Is this an install of CE directly or was it upgraded after installation? (I’ve seen this with AHV 10 but not earlier)

A clue is the 39 bits being quoted in the error message that would tie up with your CPU theory on a consumer grade CPU.

A few things to check, does the VM boot if you set a low amount of memory e.g. <1GB?

Can you confirm IOMMU is enabled within the BIOS?

Outputs of the below would help too from the AHV host:

uname -a

ls /sys/class/iommu

grep ‘address sizes’ /proc/cpuinfo

 

Thanks,

Kim


Thanks for your response.

Yes, after I did the initial install first thing I did was run the LCM and upgraded everything.
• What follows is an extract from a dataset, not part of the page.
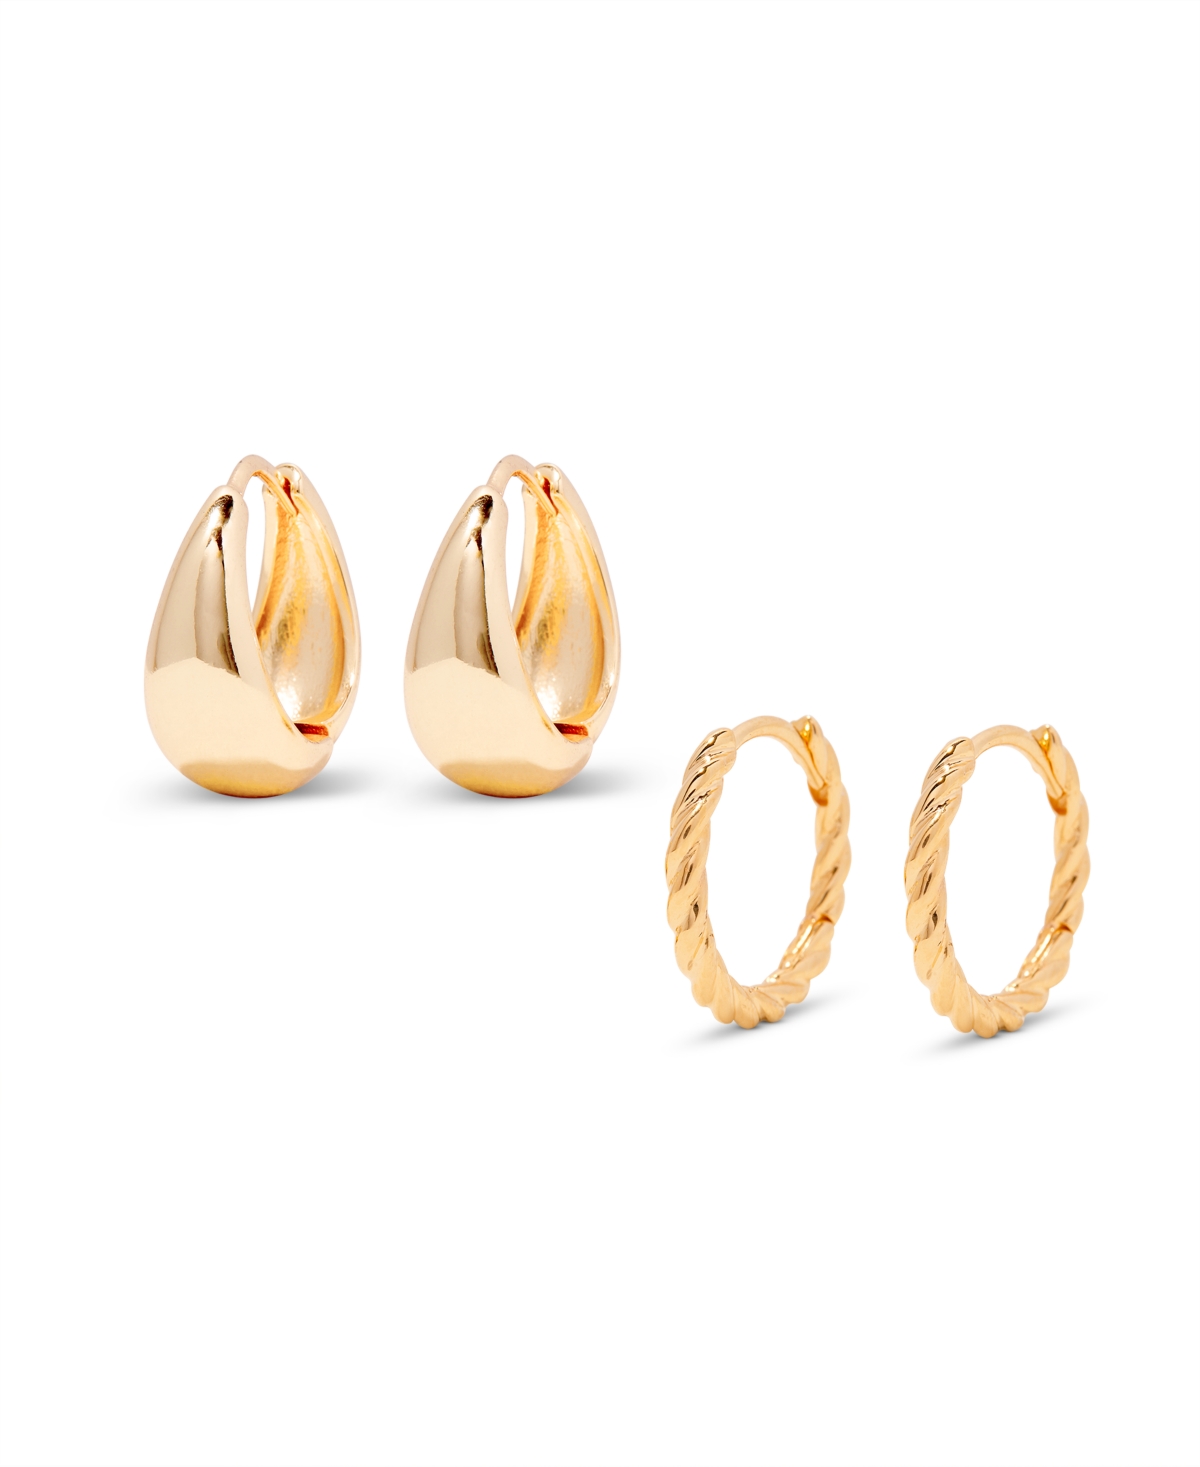 "14k Gold" Lottie Earring Set, 4 Piece - Gold Vermeil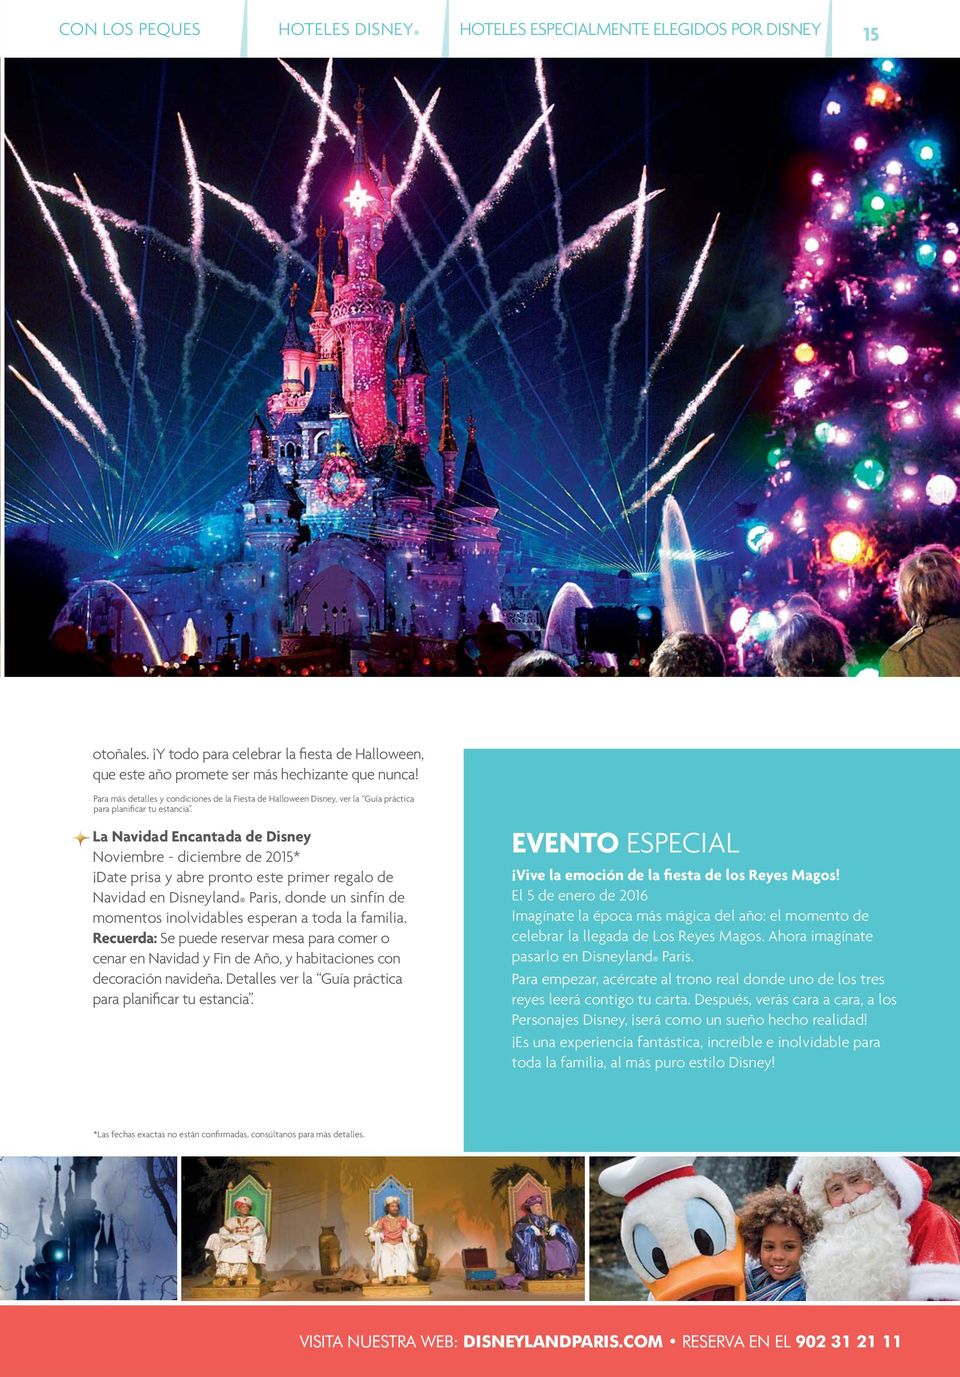 La Navidad Encantada de Disney Noviembre - diciembre de 2015* Date prisa y abre pronto este primer regalo de Navidad en Disneyland Paris, donde un sinfín de momentos inolvidables esperan a toda la

I have verified that VT-d was enabled in the BIOS settings and have upgraded to latest BIOS/firmware.

I set the VM to as low as as 256MB and same response when powering on.

Here are the results of those commands:

# uname -a
Linux NTNX-xxxxxxxx-A 6.1.92-10.0.1s2c14r5.el8.x86_64 #1 SMP Wed Dec 11 12:00:00

# ls /sys/class/iommu
dmar0  dmar1

# grep 'address sizes' /proc/cpuinfo
address sizes    : 39 bits physical, 48 bits virtual
address sizes    : 39 bits physical, 48 bits virtual
address sizes    : 39 bits physical, 48 bits virtual
address sizes    : 39 bits physical, 48 bits virtual
address sizes    : 39 bits physical, 48 bits virtual
address sizes    : 39 bits physical, 48 bits virtual
address sizes    : 39 bits physical, 48 bits virtual
address sizes    : 39 bits physical, 48 bits virtual
address sizes    : 39 bits physical, 48 bits virtual

 

I’m just surprised that everything else installed normally including the CVM which is a VM but not any other one. One other weird thing is that the CVM does not show up in the list of VMs even when checking the box to show the controller VMs.

Thanks.


Did you ever work this out? I’ve just upgraded my home CE to AHV 10 and now no VMs will start up :(

 

If I could find out where the -cpu options are set then it looks like setting “host-phys-bits=on” on the command line to start the VM might fix it.

 

Cheers,

Steve


OK I found out how to edit the -cpu options and setting host-phys-bits=on didn’t do anything, but setting it to off and setting phys-bits to 41 or higher enabled me to boot up VMs that were 2GB or less RAM. Any more and they blue screened on start up with a ‘Memory Management’ issue.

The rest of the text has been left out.